Holzknecht mit Liebe

Josef Langmayer ist  einer der letzten lebenden Holzknechte.

Holzknecht mit Liebe

Über fünfzig Jahre arbeitete Josef Langmayer als Holzknecht. Ein harter, gefährlicher Beruf, den er doch Tag für Tag mit Begeisterung ausübte. Noch mehr begeistern kann ihn wohl nur eine Sache: Seine Frau.

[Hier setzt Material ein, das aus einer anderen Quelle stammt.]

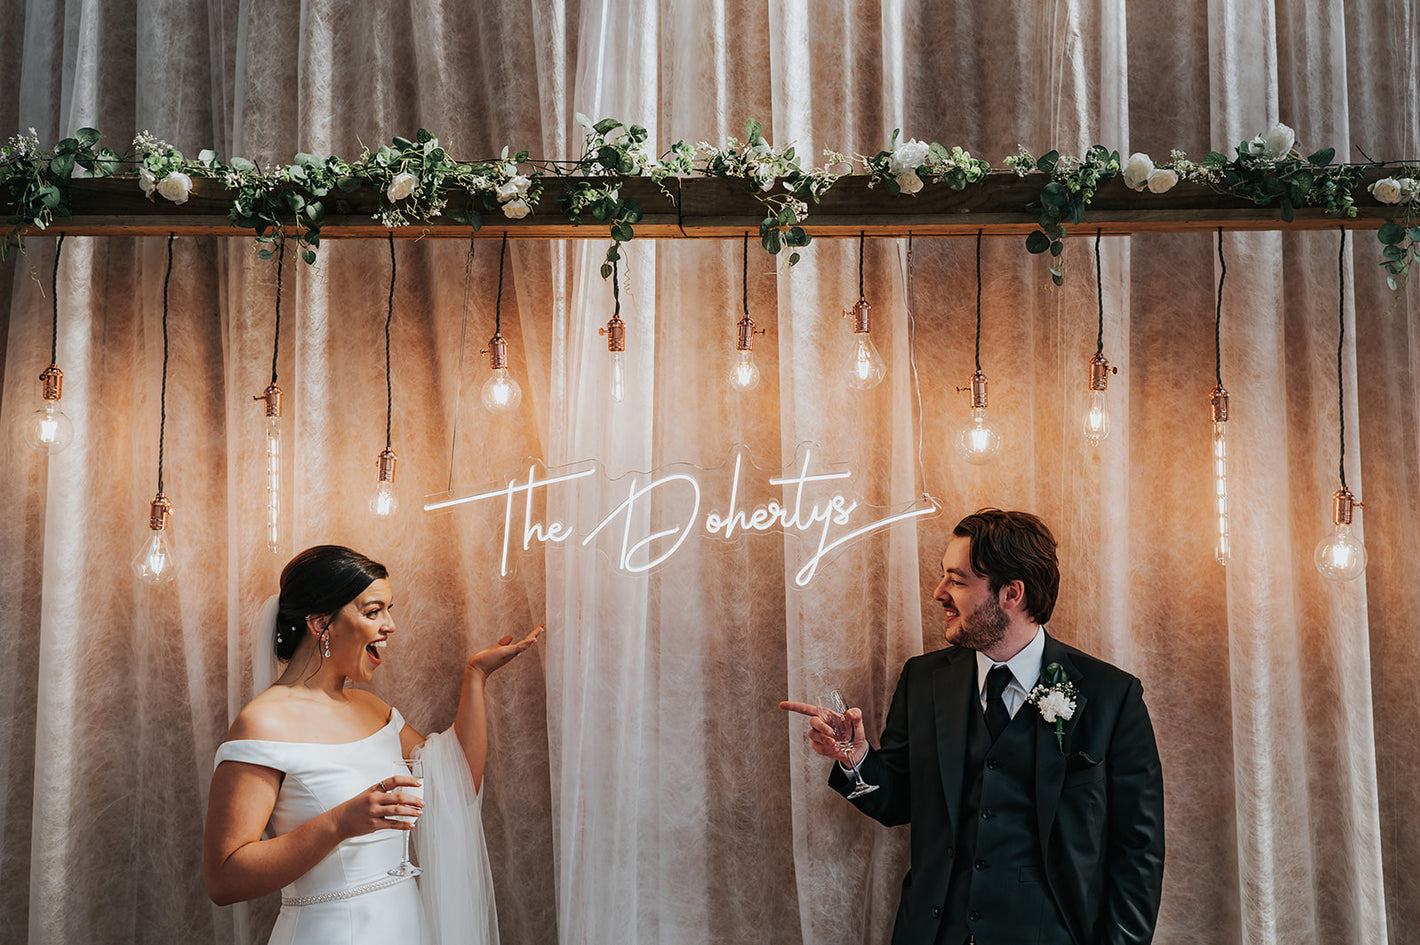 A custom LED neon sign hanging from a backdrop at a wedding that says the Dohertys which is the couples surname in Manchester, UK

Vertraut sitzen sie in ihrer Stube. Lachen sich an, ergänzen sich gegenseitig die Sätze, bekräftigen, was der andere eben erzählte. Agnes und Josef Langmayer gehören zusammen, das ist unübersehbar. Nicht erst seit gestern, auch nicht erst seit einem Jahr, auch wenn man das vor lauter Liebe, die die beiden füreinander ausstrahlen, meinen könnte.

Liebe fürs Leben

Seit 68 Jahren sind sie verheiratet, gerade volljährig waren sie, als sie sich kennen lernten. Heute gehört Josef Langmayer mit seinen neunzig Jahren zu einem der letzten lebenden Holzknechte. Sommers wie Winters zogen die Männer aus, um Bäume zu fällen und neue zu pflanzen. „Die Leute von heute würden das keinen Tag aushalten!“, sagt er in tiefstem Bayerischen Dialekt, während der langsam den Kopf schüttelt. „Hart war’s schon…“, gibt er zu.

Ehrepaar Langmayer verliebt verheiratet jung
Von harter Arbeit geprägt

Josef Langmayer half schon im Jugendalter bei Holzarbeiten und arbeitete bis zur Rente in keinem anderen Beruf. Er strahlt, wenn er das sagt, auch wenn die Arbeit nicht nur gefährlich, sondern auch unendlich anstrengend war. Montags legten sie mitsamt ihren Stahl-Werkzeugen und Vorräten für eine Woche den stundenlangen Zustieg zur Arbeiterhütte zurück, von dort ging es jeden Morgen nochmals ebenso lang an den jeweiligen „Arbeitsplatz“. An den Handinnenflächen hatte Langmeyer sein ganzes Leben regelrechte Höcker aus Hornaut, die durchnässten Klamotten trugen sie einfach so lange, bis sie wieder trocken war. Alkohol gab es kaum, so etwas konnte man sich nicht leisten.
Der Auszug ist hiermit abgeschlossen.